Be careful not to offer a menu of choices to the prospect. Your discovery process should assess client needs, preparing you to propose the optimal relationship and pricing. Otherwise you run the risk of clients choosing the lower price but demanding the highest level of service—and it’s hard to unwind that type of expectation.

Once your segmentation strategy is clear, follow five critical steps in rolling out the pricing plan:

Create the pricing transition plan. Set a timeframe for the implementation of the new pricing structure, both with new clients (a far less daunting task) and with existing clients. Once the timeframe is agreed upon, assess each of the firm’s clients to determine which clients must be moved to the new structure and by when. Schedule review meetings to ensure that discussions take place within the required timeframe.

Develop a value story. The initial discussions with clients will be the most challenging; advisors must present new pricing in a confident and clear manner. A strong value story supports the effective communication of the pricing structure and should ease uncomfortable moments and uncertainty for advisors and clients. The value story should articulate the tangible and intangible outcomes that the firm achieves for clients.

Communicate your value. The value story will need to be reinforced with clients. A consistent communications plan conveys the value story to clients in a steady manner and supports the pricing discussion.

Plan for client objections.
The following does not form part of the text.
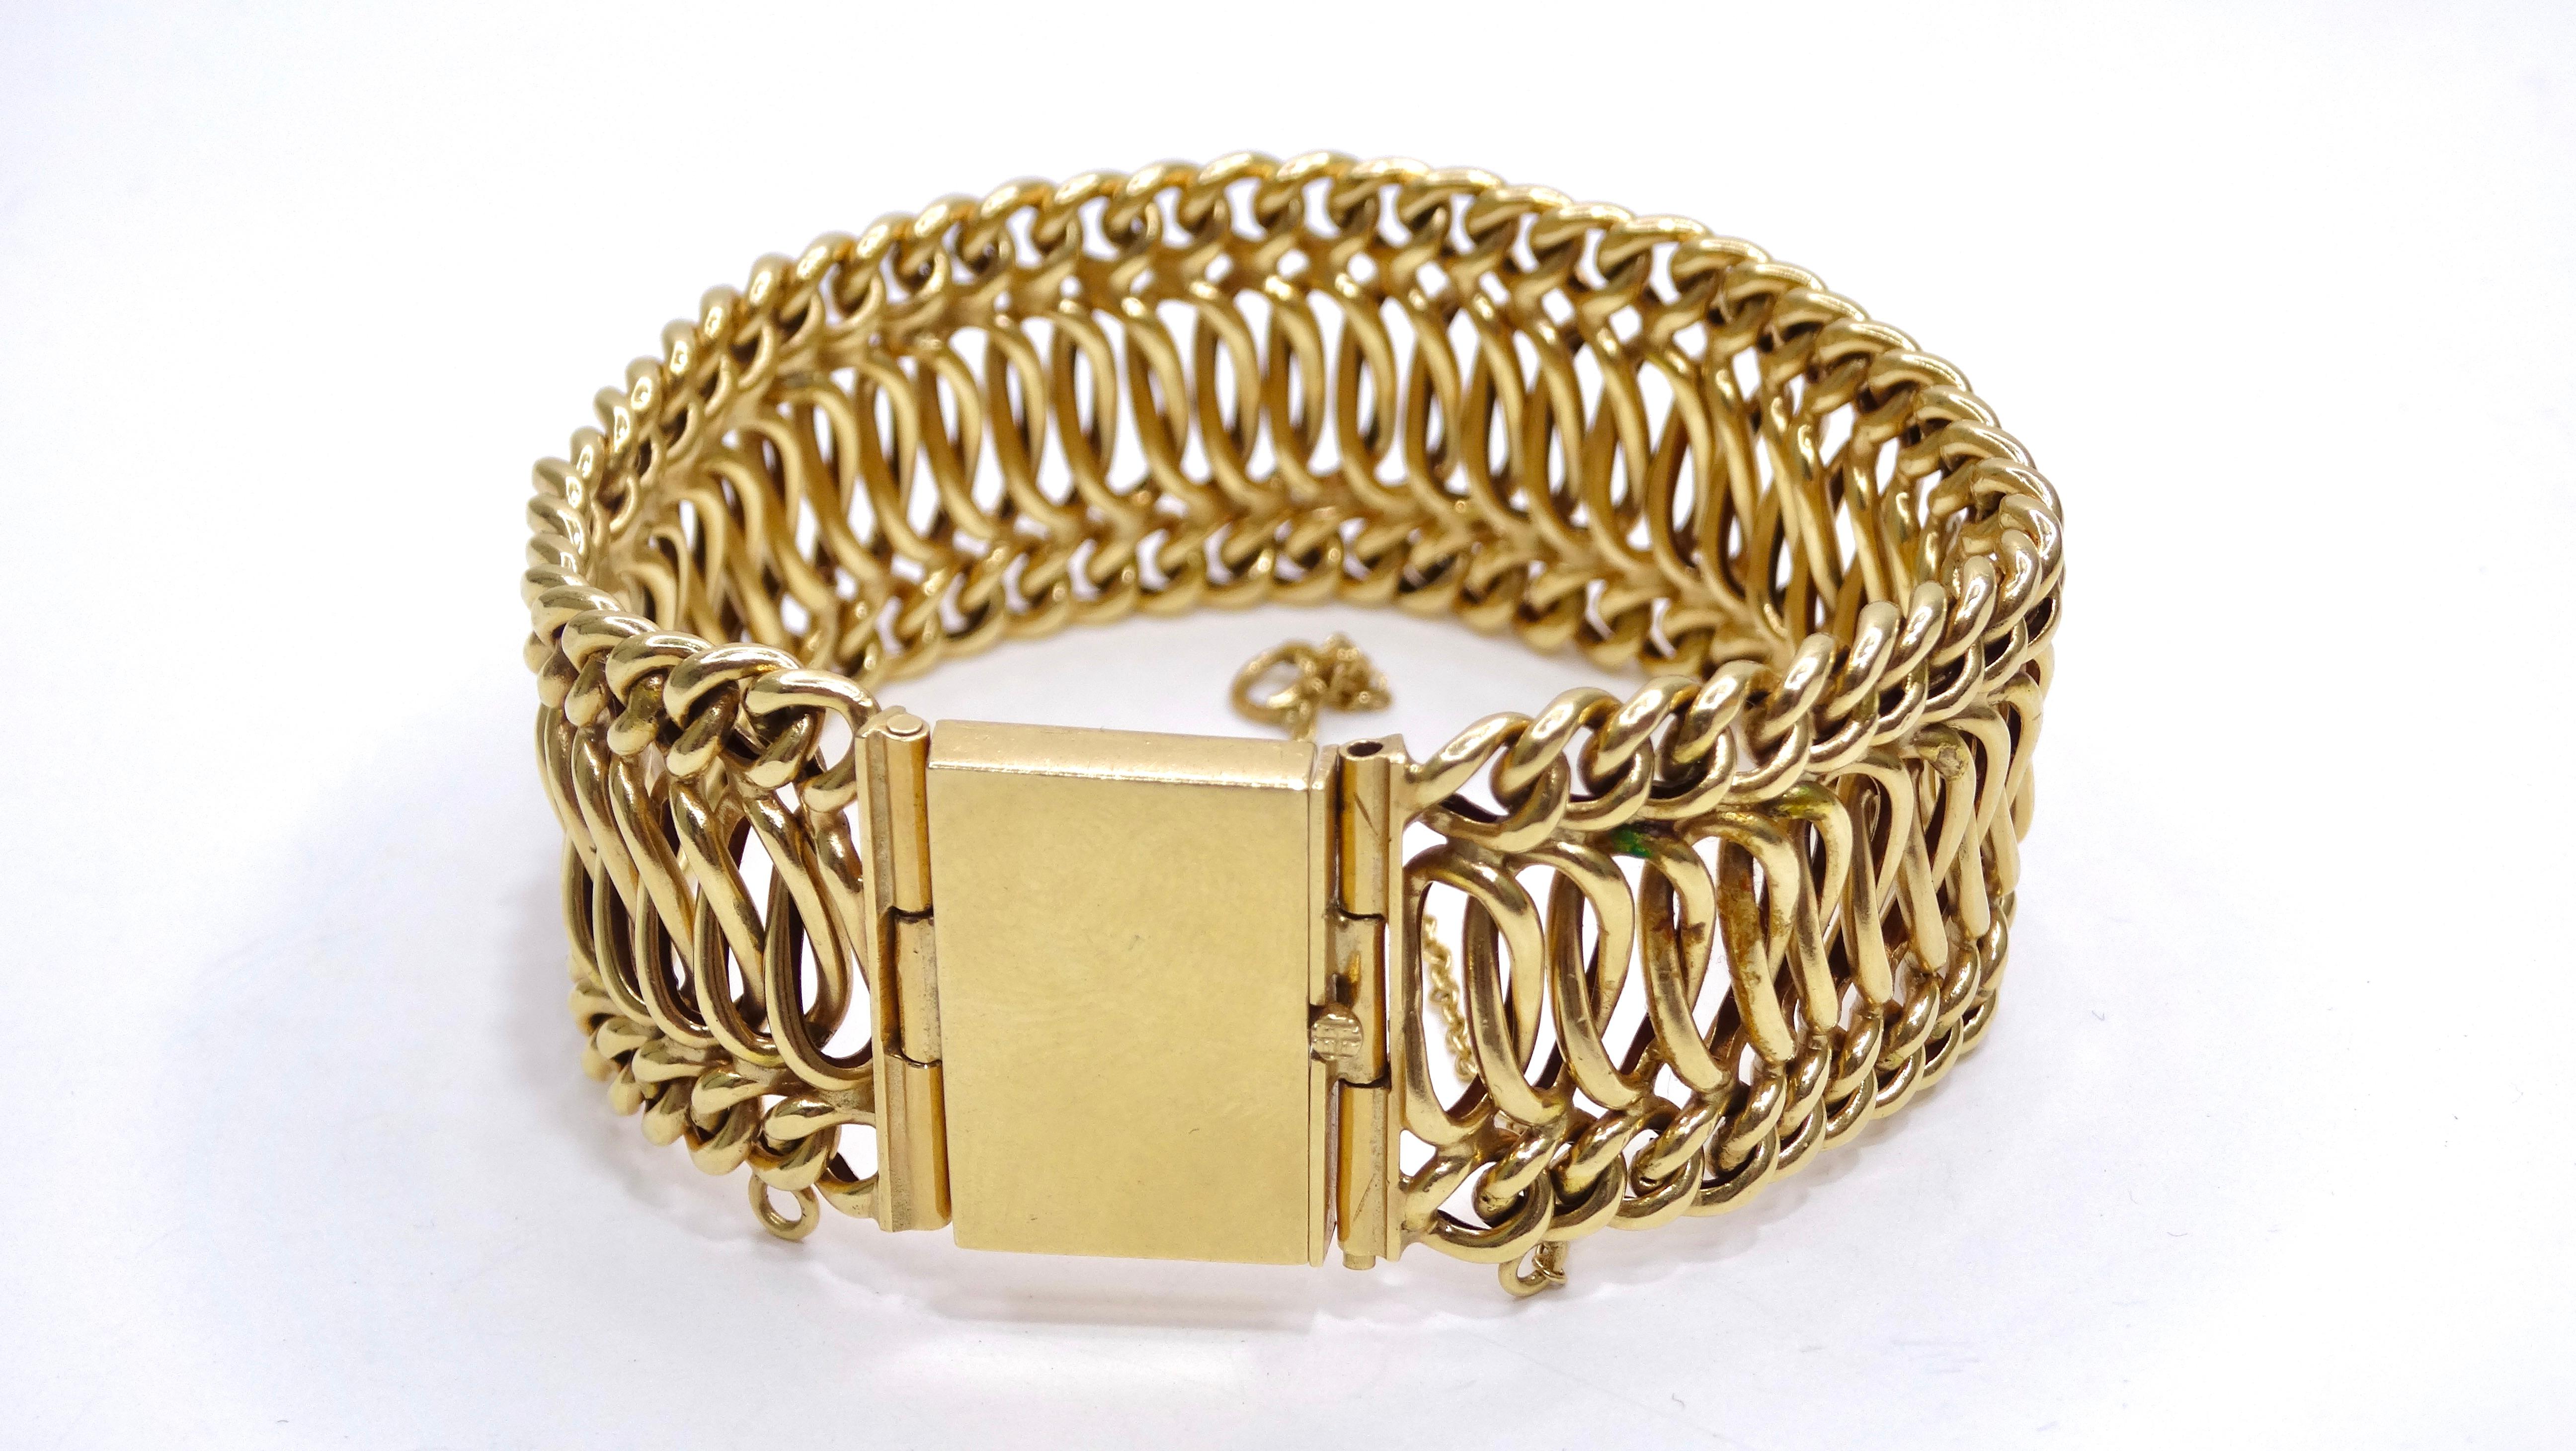 Ce bracelet à chaînes datant des années 1950 donne une nouvelle dimension au bracelet à chaînes en or de votre tiroir. Les détails de ce bracelet sont quelque chose à écrire à la maison, car il possède des tonnes de métal tissé complexe. Pairez ce

Preparing for potential client objections to the new pricing structure can reduce advisor discomfort. Create a list of likely objections and prepare effective responses that will ease client concerns. The firm’s advisors should work together to develop strong responses and arm themselves with the necessary discussion points.

Tracking implementation. The new pricing structure must remain front-of-mind throughout the implementation period. Tracking client conversions to the new structure will support the firm in better forecasting revenue and profitability. Depending upon the number of clients a firm services and the number of advisors, full implementation could take up to 18 months, with new clients commencing immediately and existing clients following.

In reality, pricing only becomes an issue in the absence of consumer-perceived value. Therefore it is critical not only to generate a return over and above your costs, but to demonstrate to clients that what you do is as good as or superior to what others are offering.